The joy of sharing books
Review By Heather Seggel


Alice Ozma grew up with a single father who was a dedicated elementary school librarian. Even her two middle names, under which she writes, testify to a love of children’s literature. So it wasn’t out of character when the two decided to formalize their nightly reading sessions into an attempt at reading aloud for 100 consecutive nights. When that was handily completed, “The Streak” grew . . . and grew . . . and eventually continued for eight years, until Ozma started college. The Reading Promise is a memoir woven from the stories they shared.

Some of the book’s funniest moments stem from the pair’s commitment to get their reading session in by midnight: Ozma’s father might have to pull her from a late theater rehearsal and recite from Harry Potter by streetlight, or barely whisper when he had laryngitis. It’s both funny and touching when he tries to protect her from a book’s frank discussion of puberty by reducing it down to “all the stuff,” having one character add, “Yes, I already know about that so we don’t need to talk about it.” Generally obedient, Ozma nevertheless sneaks into her father’s room later to read the chapter, laughing at his censorship of a completely age-appropriate and informative passage.
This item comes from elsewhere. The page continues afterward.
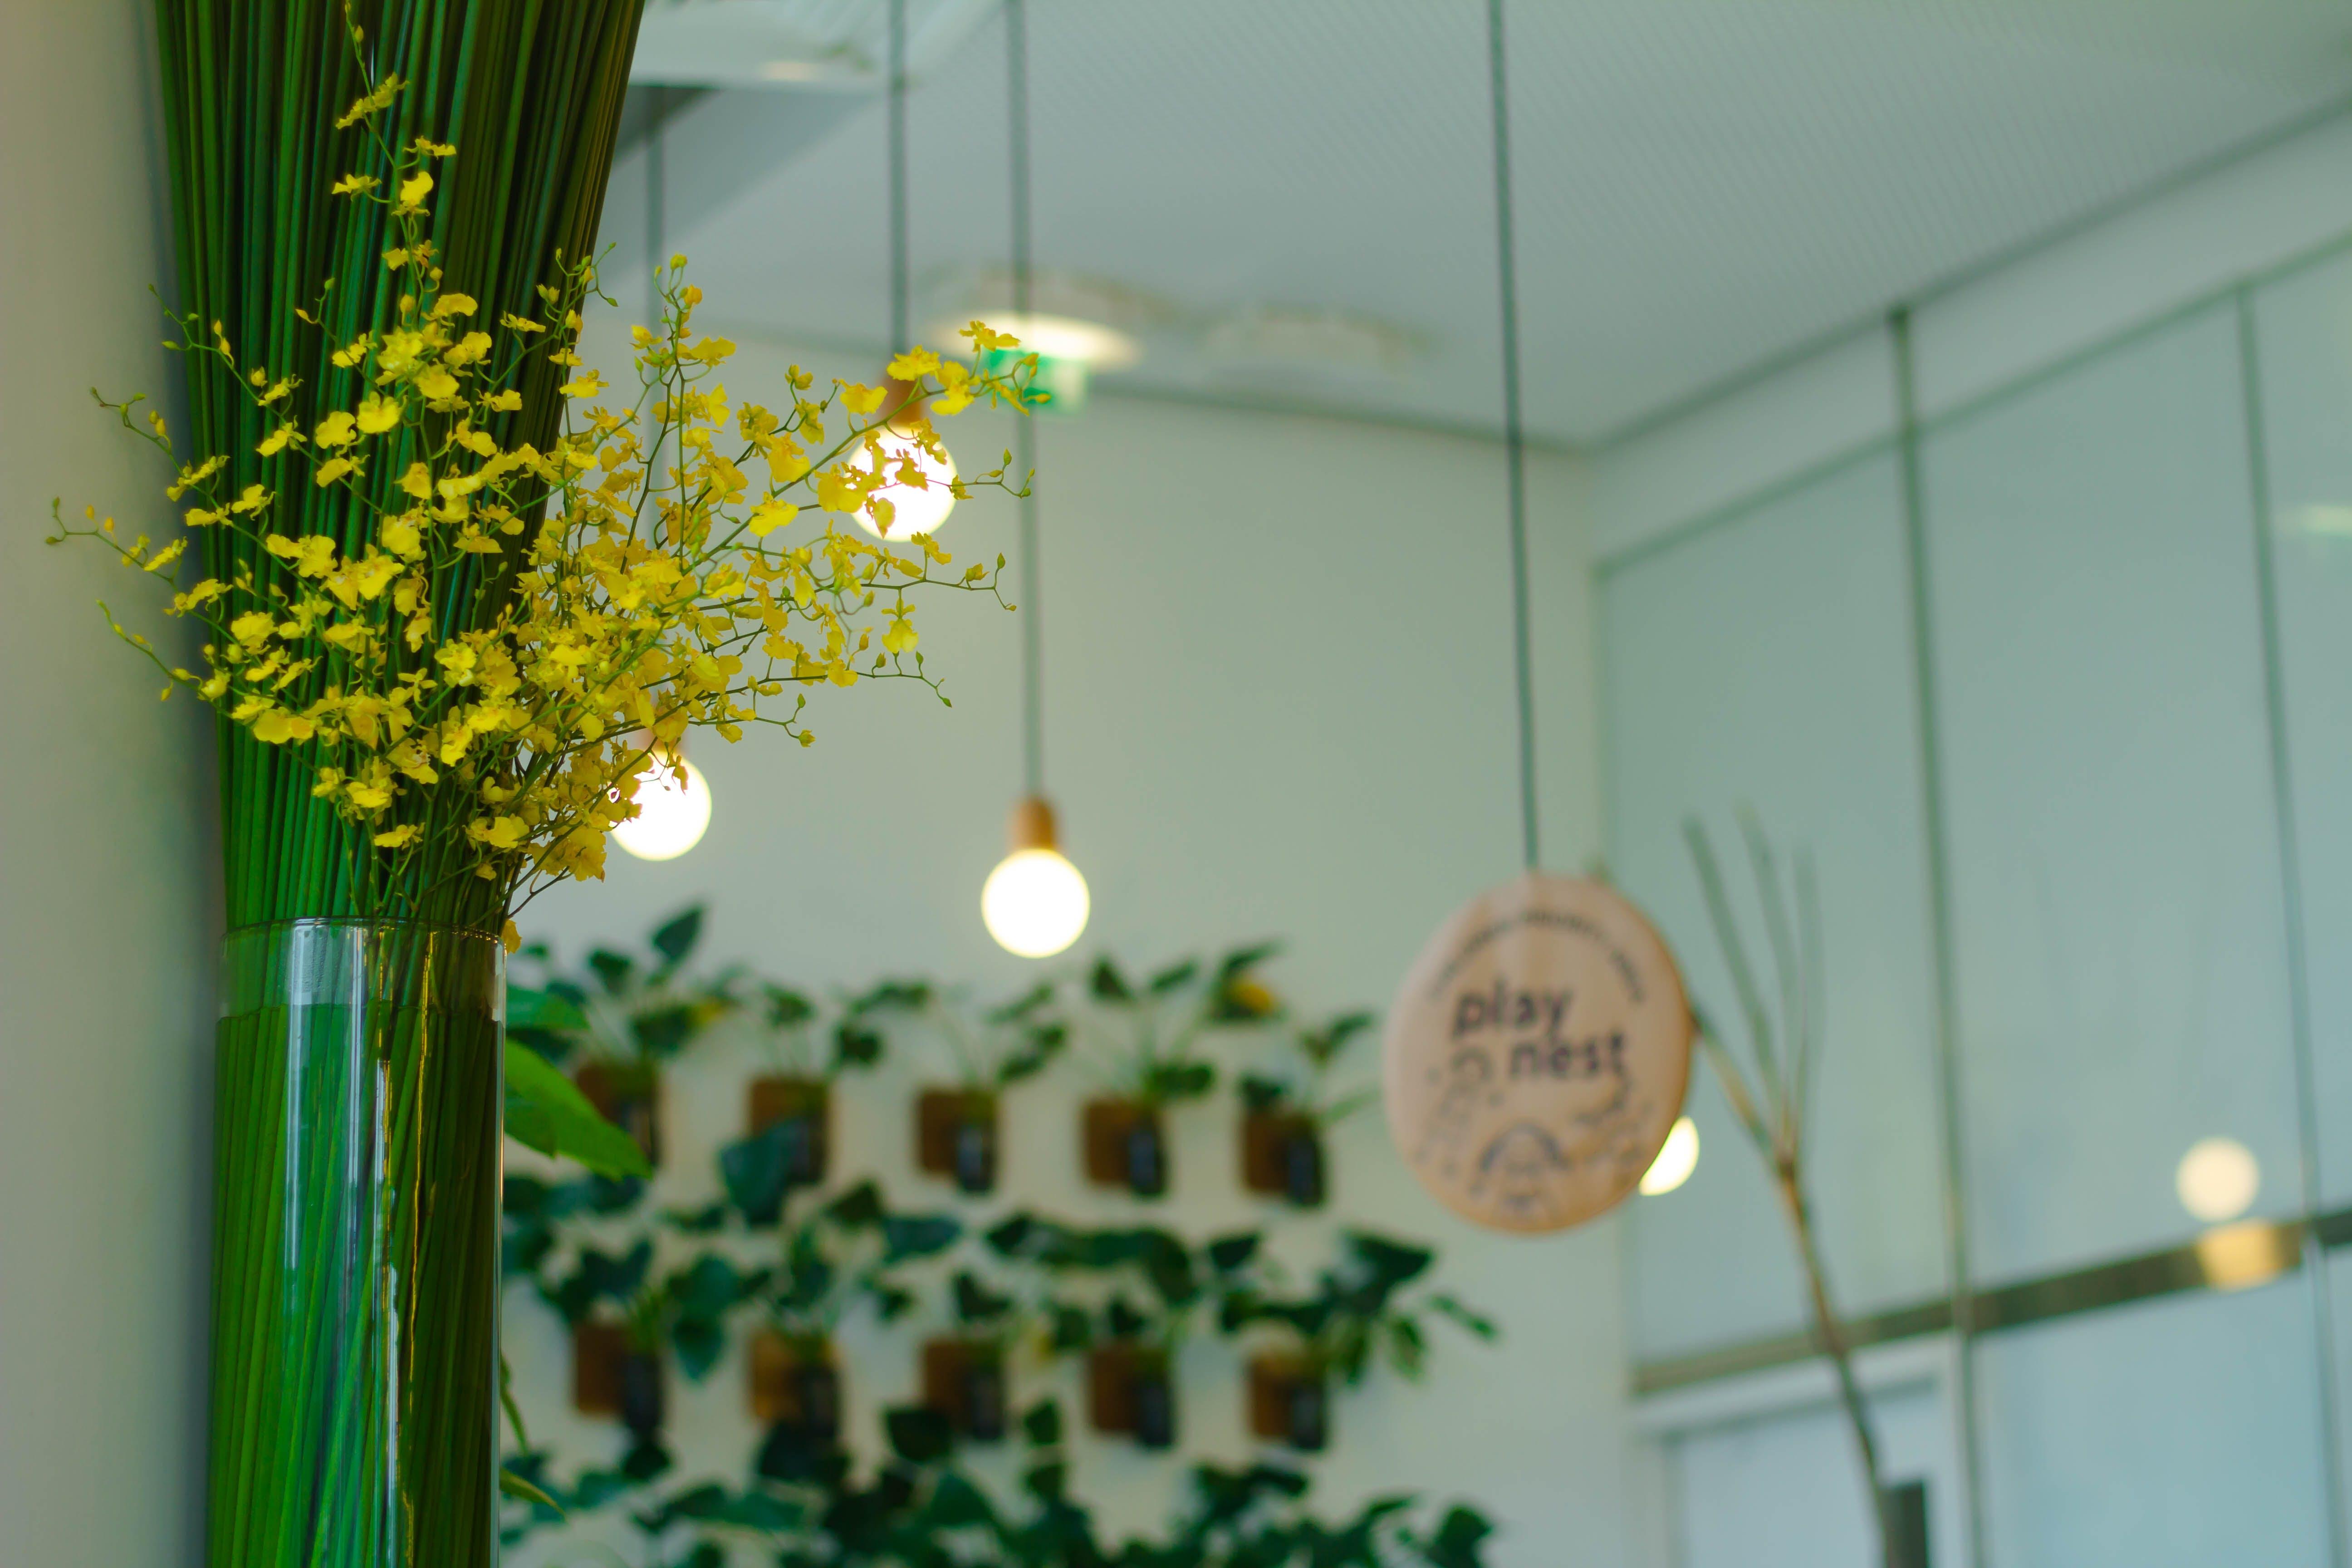 Yellow Flower Wall Decor Inside Room

After Ozma leaves for college, her father suffers a setback when his school decides to eliminate its reading program and replace the library’s books with computers. He tries to keep the program in place, since it serves poor children who may struggle to attain basic literacy without it, but is overruled and ends up leaving the school—and finding a new audience as a reader in retirement homes.

The Reading Promise is a sweet tribute to a devoted single parent and a powerful reminder of the bond that shared stories can create.